## Problem
Set down all of the data exactly. Pictures stay out of the copy.

Start of Block

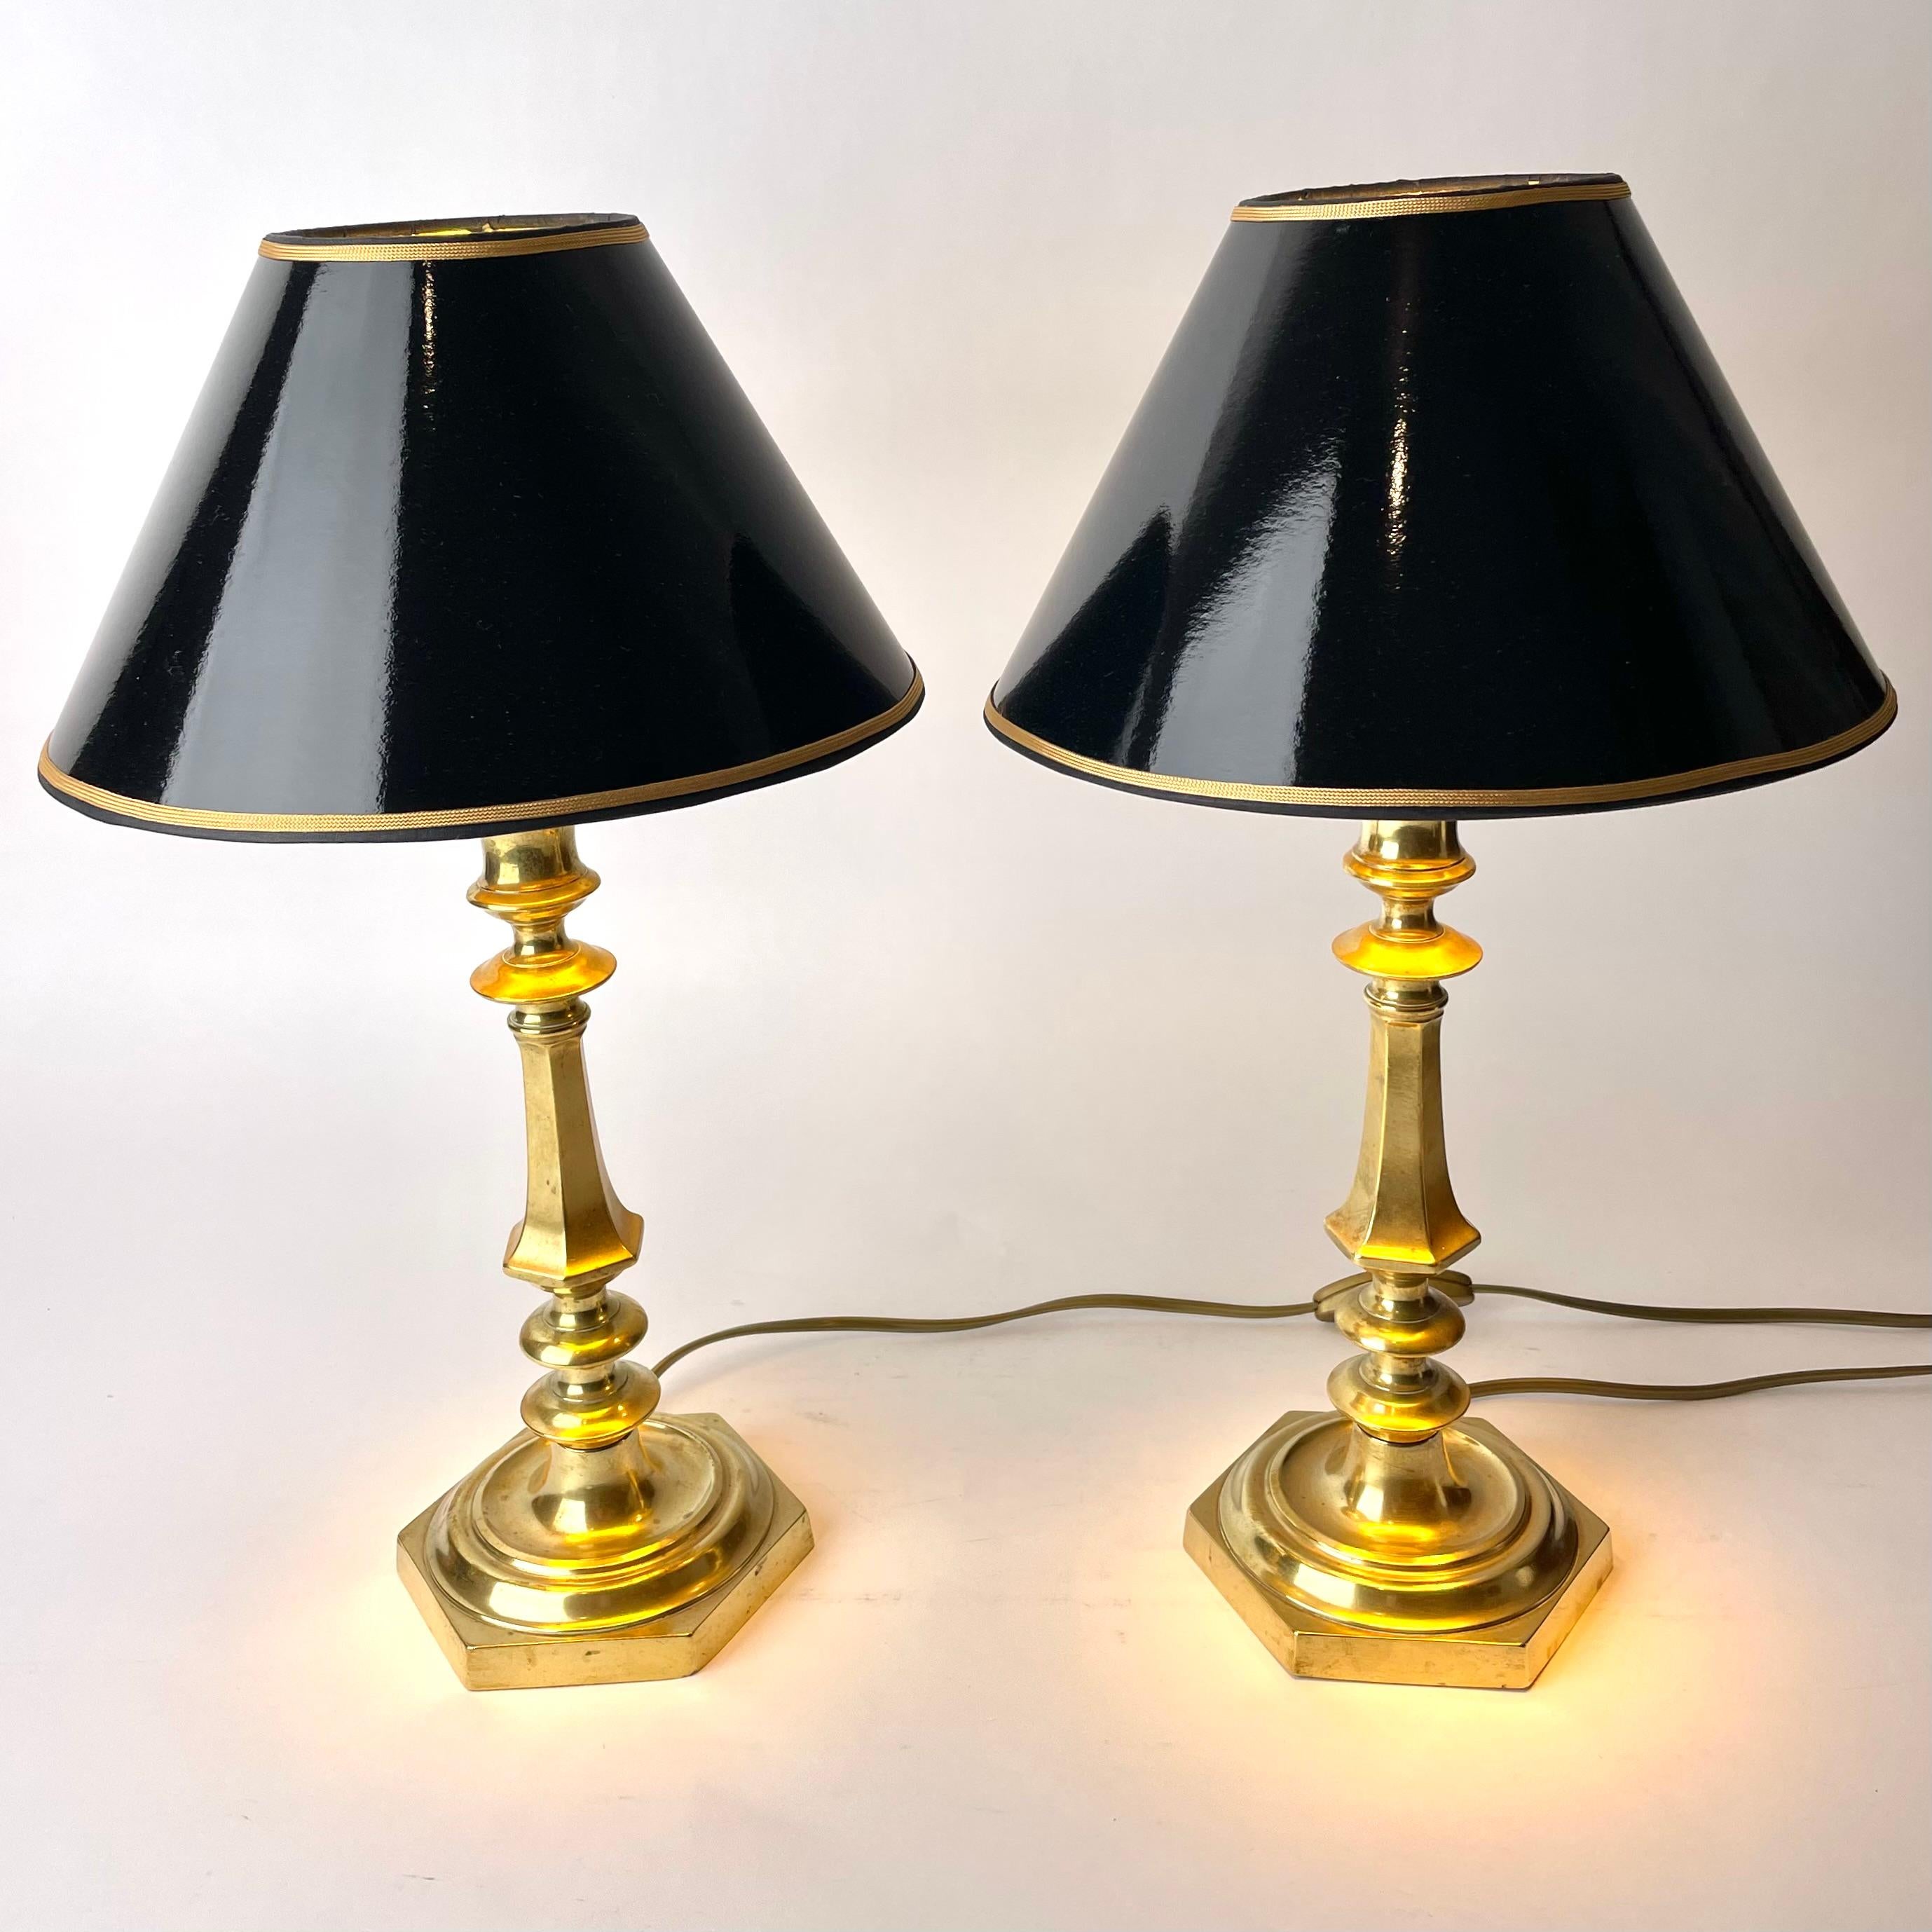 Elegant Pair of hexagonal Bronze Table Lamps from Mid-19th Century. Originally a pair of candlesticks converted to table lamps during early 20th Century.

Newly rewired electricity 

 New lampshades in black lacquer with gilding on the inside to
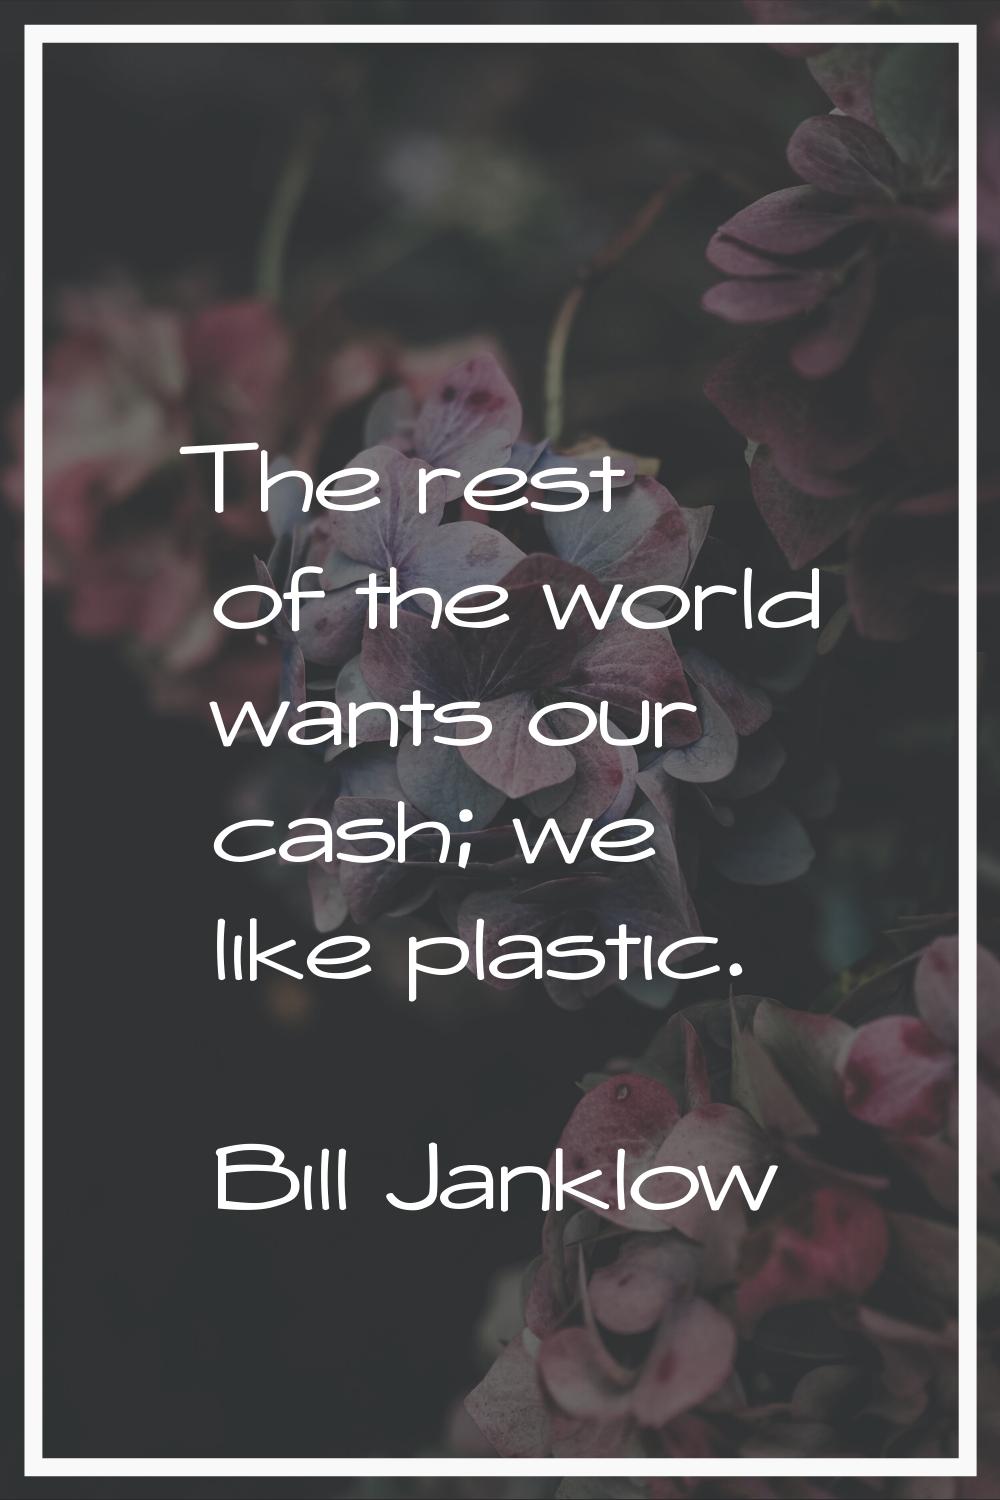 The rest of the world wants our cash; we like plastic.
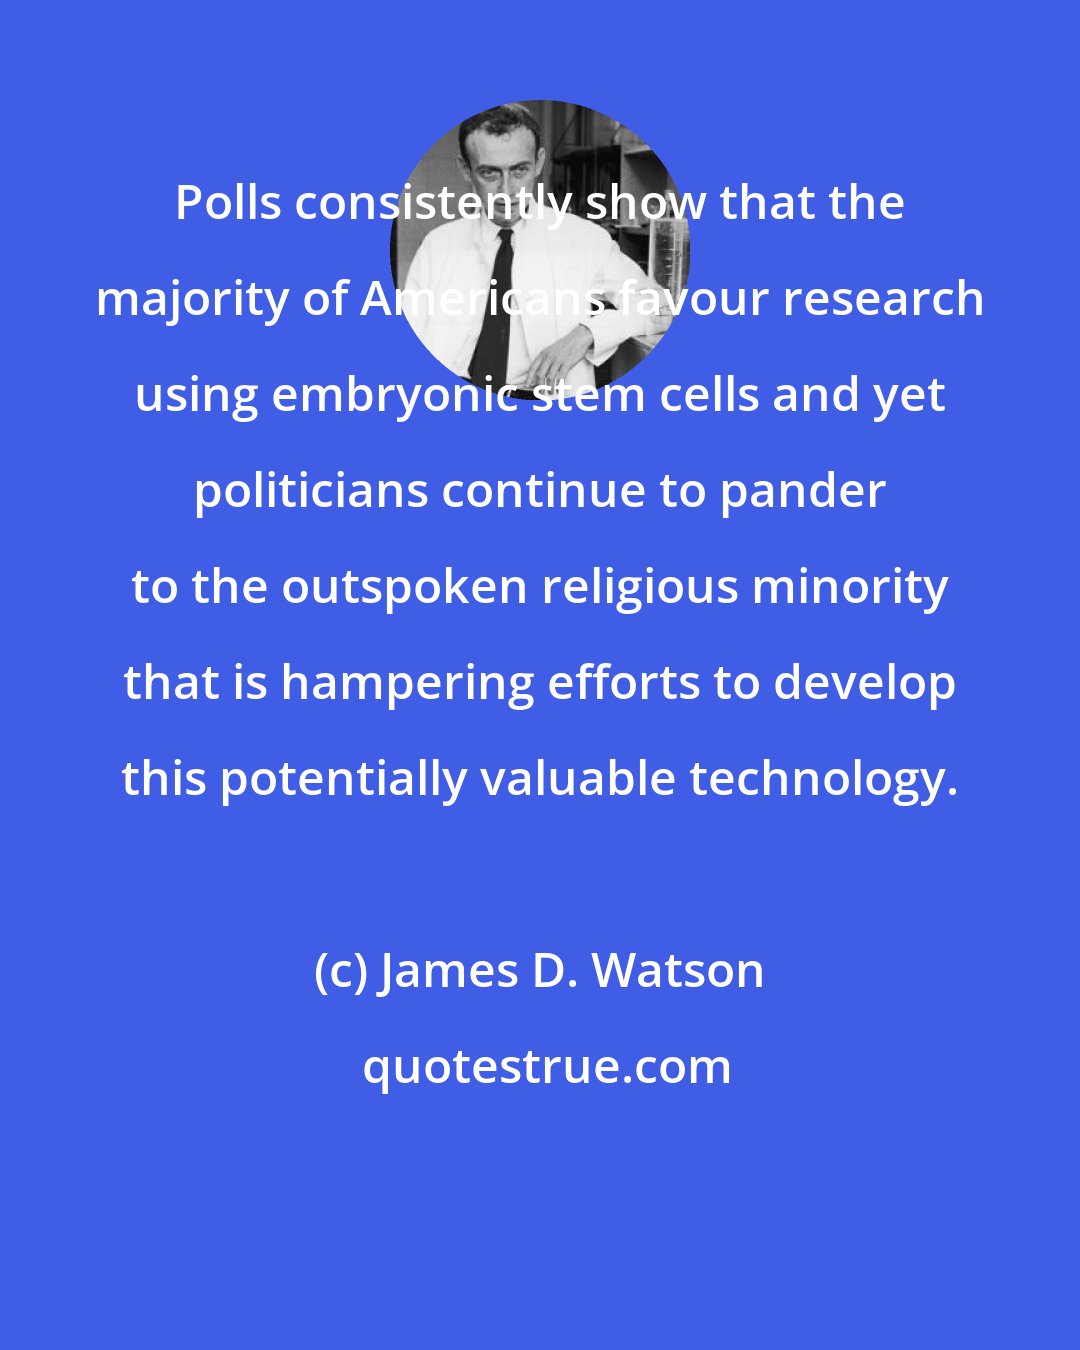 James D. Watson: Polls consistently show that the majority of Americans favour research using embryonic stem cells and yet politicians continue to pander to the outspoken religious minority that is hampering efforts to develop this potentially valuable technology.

End of Block

## Task result
 Elegant Pair of hexagonal Bronze Table Lamps from Mid-19th Century. Originally a pair of candlesticks converted to table lamps during early 20th Century.

Newly rewired electricity 

 New lampshades in black lacquer with gilding on the inside to
 The rest of the world wants our cash; we like plastic.
 James D. Watson: Polls consistently show that the majority of Americans favour research using embryonic stem cells and yet politicians continue to pander to the outspoken religious minority that is hampering efforts to develop this potentially valuable technology.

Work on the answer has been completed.